Но среди отщепенцев попадались и порядочные люди, которые тяготились своим положением фашистских приспешников.

В Валке Николай Константинович встретился со своими друзьями Подияровым и Курыновым.

— Разрешите доложить, товарищ капитан, — сияя улыбкой, начал Курынов. — Первую часть вашего задания выполнили. Оба мы в школе наших врагов, успешно осваиваем «науку» и готовы перейти к своим.

— Рад за вас, друзья мои. Безмерно рад! Рассказывайте, рассказывайте о себе! Как прошли испытания, проверку?

Друзья сидели вечером на берегу реки Валки. Тихо плескалась вода у самых ног. Распевали птицы, прощаясь с заходящим солнцем. В траве стучали кузнечики. Ничто здесь не напоминало войну. Счастливые встречей с Николаем Константиновичем, Курынов и Подияров, перебивая и дополняя друг друга, рассказывали о себе, о тех, кого они уже успели узнать, к кому присмотрелись. Они предупреждали Никулина, кого следует опасаться, кому можно в какой–то мере доверять.

— Нас, саласпилсских да рижских лагерников, организовал преподаватель физкультуры Сюганов. Будь осторожен с ним, — предупреждал Подияров. — Ты–то его знаешь. Одно время в Рижском лагере был полицаем. А здесь играет роль старшего. Это его затея — держаться вместе. Вроде однополчан…

— Хм, однополчане, — подхватил Курынов. — Только в лагерях мы что–то разные места занимали. Наш брат с голоду подыхал, а Сюганов от жратвы чуть не лопался. А теперь, видишь, однополчане!

— Понимаю, друзья, противно все это, — серьезно сказал Николай Константинович. — Но надо терпеть. Сюганов теперь видит в пас своих единомышленников. И пусть так считает! Это нам только на руку.

— Я вот что думаю, — заметил Подияров. — Сюганов неспроста держит нас всех вместе. Присматривает за нами, мысли наши вынюхивает.

— Он ведь повышение по службе получил, — вставил Курынов. — В лагере полицаем был, а теперь — преподаватель.

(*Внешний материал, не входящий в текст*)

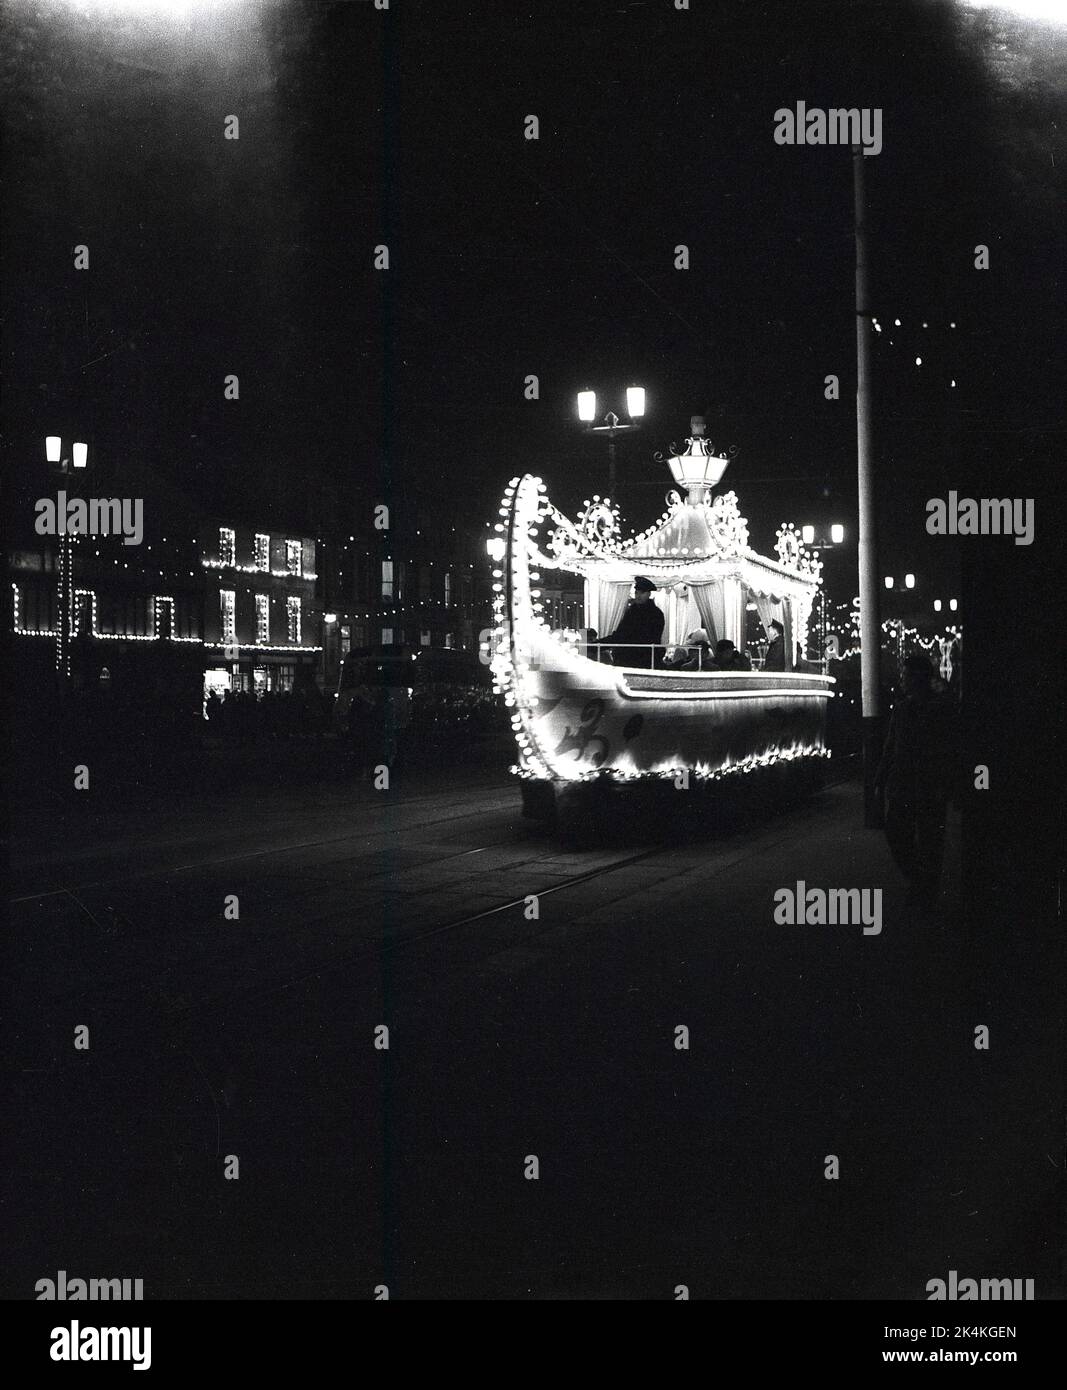 1955, Historical, Eveningtime et Blackpool Illuminations, un tramway décoré illuminé dans la station balnéaire du nord de Blackpool, Angleterre, Royaume-Uni. Banque D'Images

— Что ж, друзья, спасибо за предупреждение, — поблагодарил Никулин. — Мне все это понятно. Предателей нужно остерегаться. Но не о них только речь. Надо хороших людей искать. Тех, кого можно направить к нашим с повинной. Присматривайтесь к людям, изучайте их и докладывайте мне. Пора действовать.

Курынов и Подияров назвали несколько человек, с которыми не мешало бы познакомиться поближе. Николай Константинович поручил внимательно изучить их настроение, поинтересоваться, с охотой ли они идут выполнять задание немецкой разведки.

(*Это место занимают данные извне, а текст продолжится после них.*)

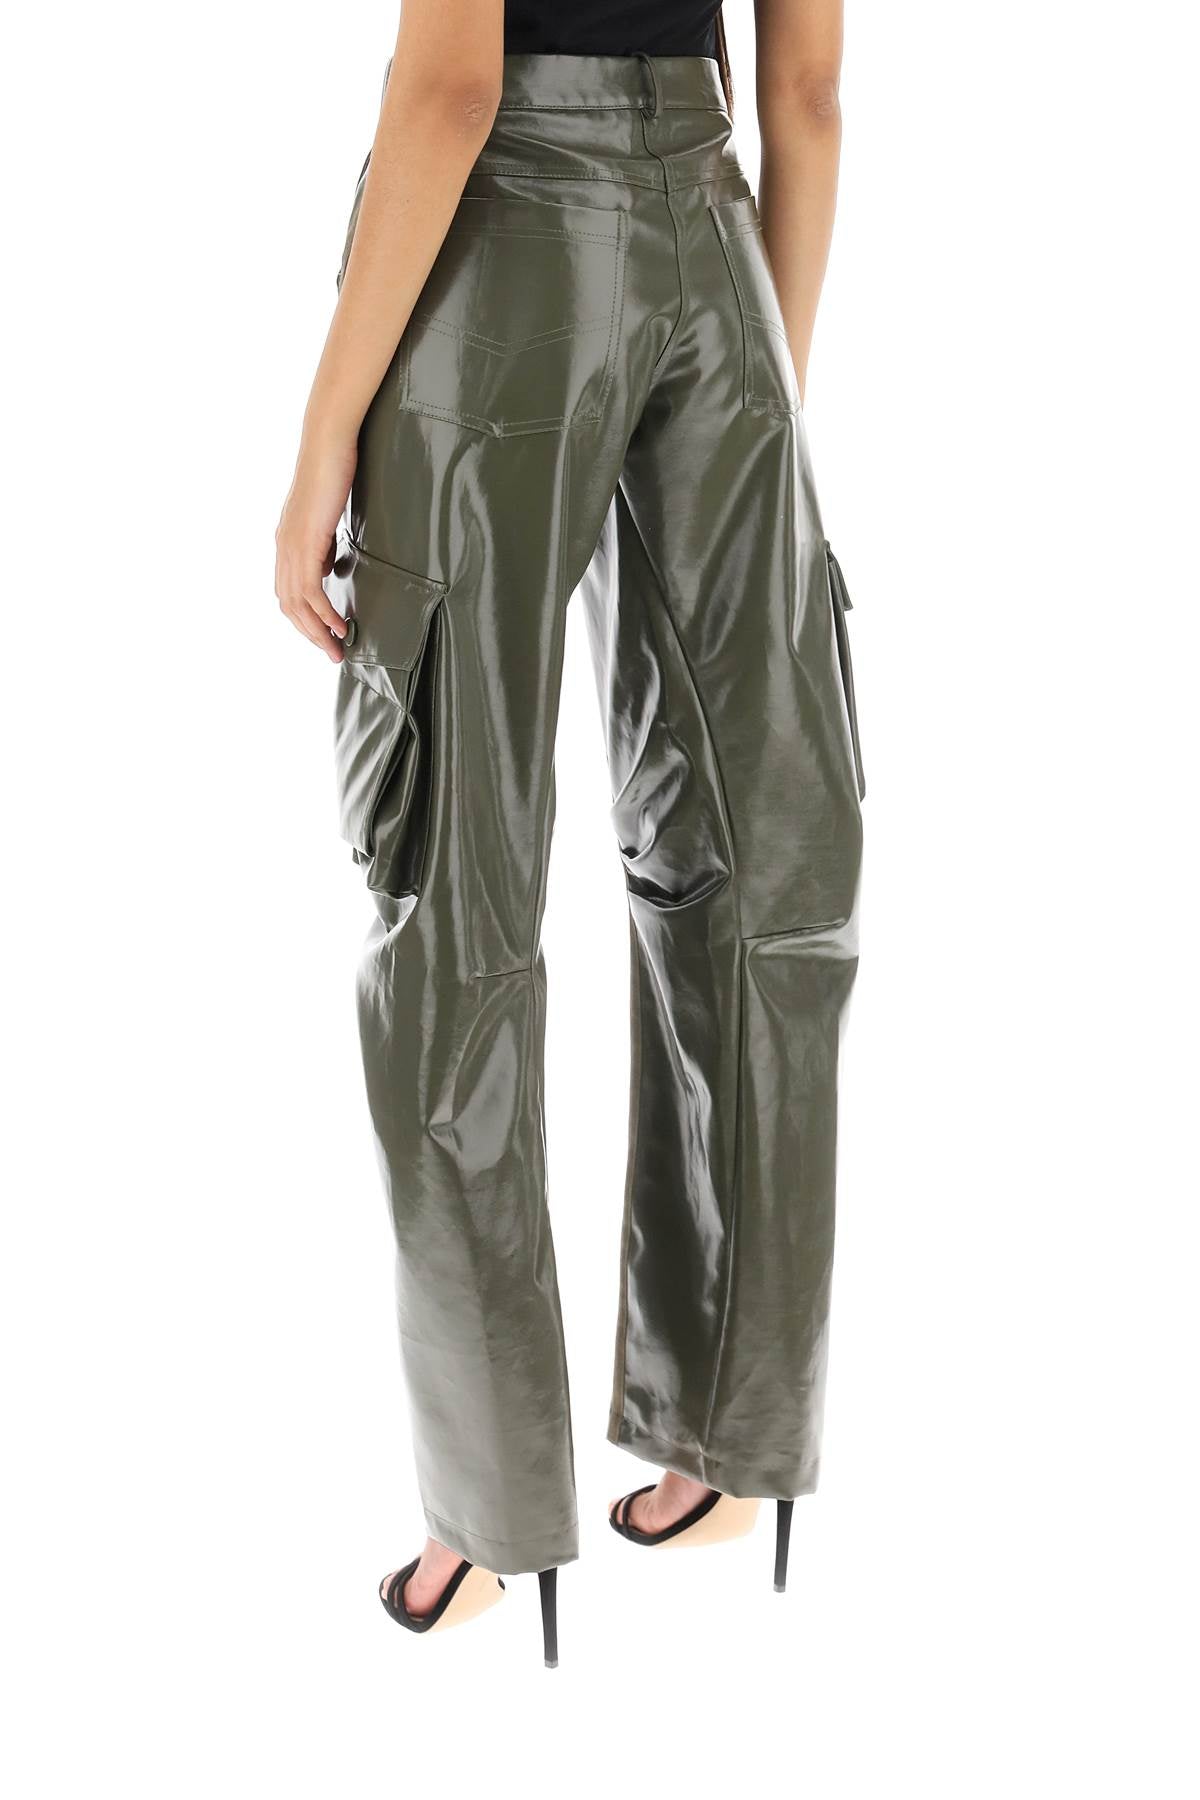 Mvp wardrobe montenapoleone cargo pants-2

— Ну, а у вас как учеба идет? — спросил Никулин, окончив разговор о неотложных делах. — Чему учитесь?

— Меня в радисты определили, — сказал Курынов.

— А меня в разведчики, — ответил Подияров.

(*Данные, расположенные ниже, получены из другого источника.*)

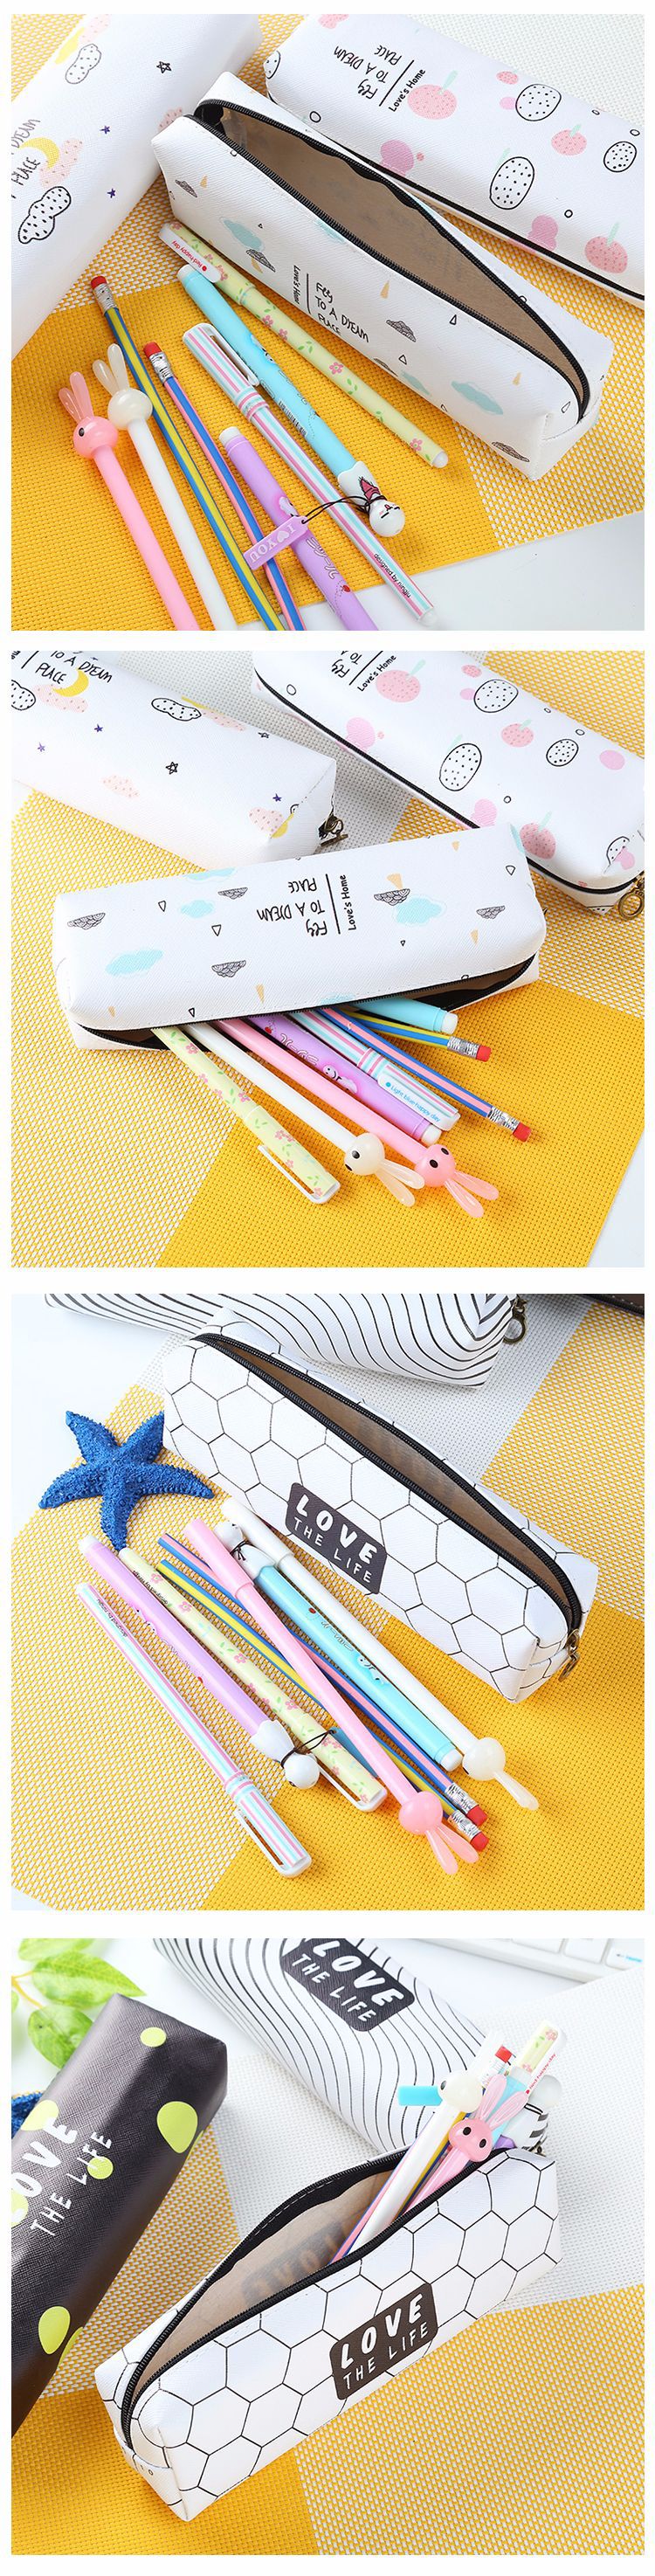 韓國創意文具 簡約小清新LOVE筆袋 男女學生大容量文具袋學習用品

— Что же, это неплохо. Значит, ты, — обратился Николай Константинович к Курынову, — пойдешь не один, а в группе. Тебе важно хорошо знать своих напарников. Если можно, то уже здесь подготовить их к явке с повинной. А если нельзя, то сделать это там, за линией фронта. Тебя уже спаровали с кем или нет?

— Пока нет. Может быть, попросить Шнеллера, чтобы дали напарника?